Data Lakes vs Data Warehouses

Data Lakes versus Data Warehouses

What is a data lake?
A data lake is a central repository that allows you to collect and hold all of your unstructured and structure data at any scale. What that sentence means is that you do not have to transform your unstructured data to store and then run analytics on it. You can store all your data as-is.

Do I need a data lake?
Companies that have put data lakes in place outperformed like companies by 9% which was reported by an Aberdeen survey. What was found is that these companies were able to do new types of analytics (even create new products) from their sources of data like log files, social media, IOT, etc being stored inside of data lakes. Being able to parse and learn from this data enabled them to react faster to what their data was telling them. Looking at unstructured and structure data allowed these companies to attract and retain customers and make better informed decisions.
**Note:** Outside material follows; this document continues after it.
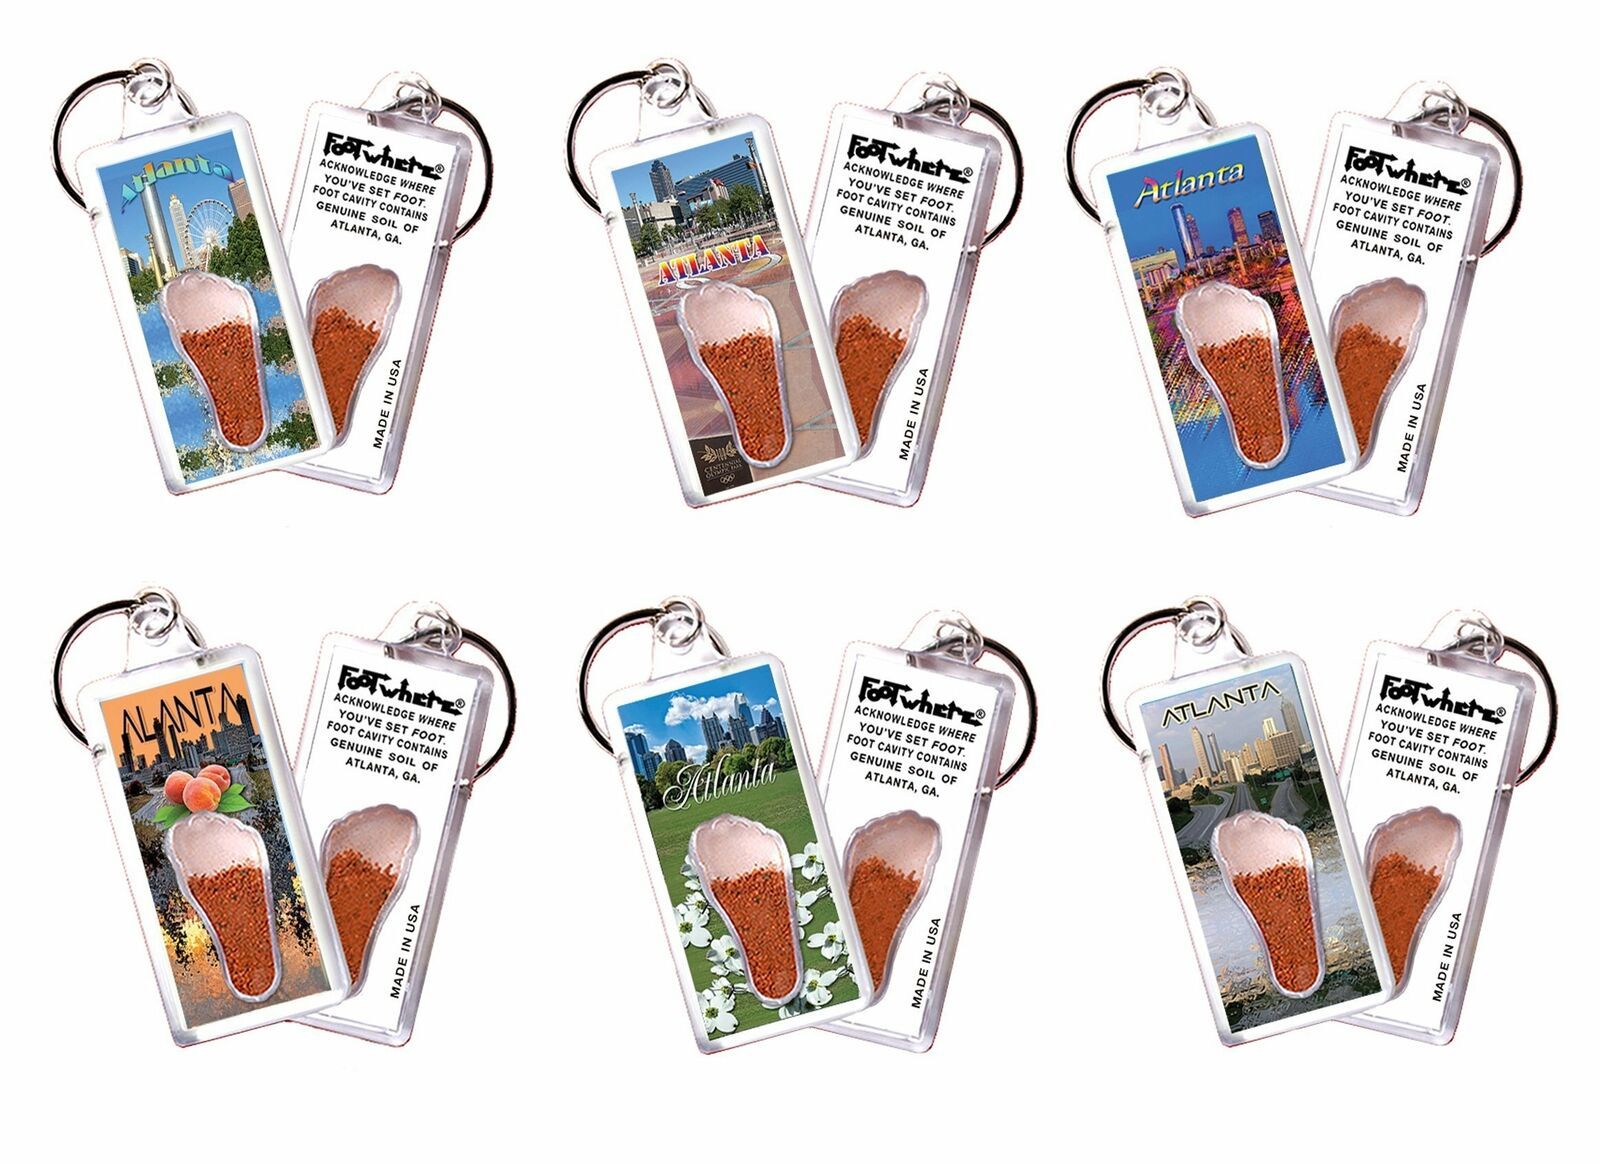 Primary image for Atlanta FootWhere® Souvenir Keychains. 6 Piece Set. Made in USA

Data Lakes versus Data Warehouses
You have to approach this decision with facts and requirements. Depending on the needs to the business you might need a data warehouse, a data lake, or even both. Allow the needs of the business and what data the business collects drive the decision organically. Before we go any further lets define each of these.

Data Warehouse is a system that pulls together data from many different sources within the business usually transactional systems that is needed by the business to conduct day to day operations. This data is collected for reporting and analysis.

Data Lake is a storage repository that holds a vast amount of raw data in its native format until it is needed. By allowing the data to remain in its native format, the size of the data can be greater and pulled in a more timelier manner which will give the business quicker insight what is going on.

Lets compare Data Warehouses to Data Lakes side by side to help see what is best for your business to use for its analytic needs.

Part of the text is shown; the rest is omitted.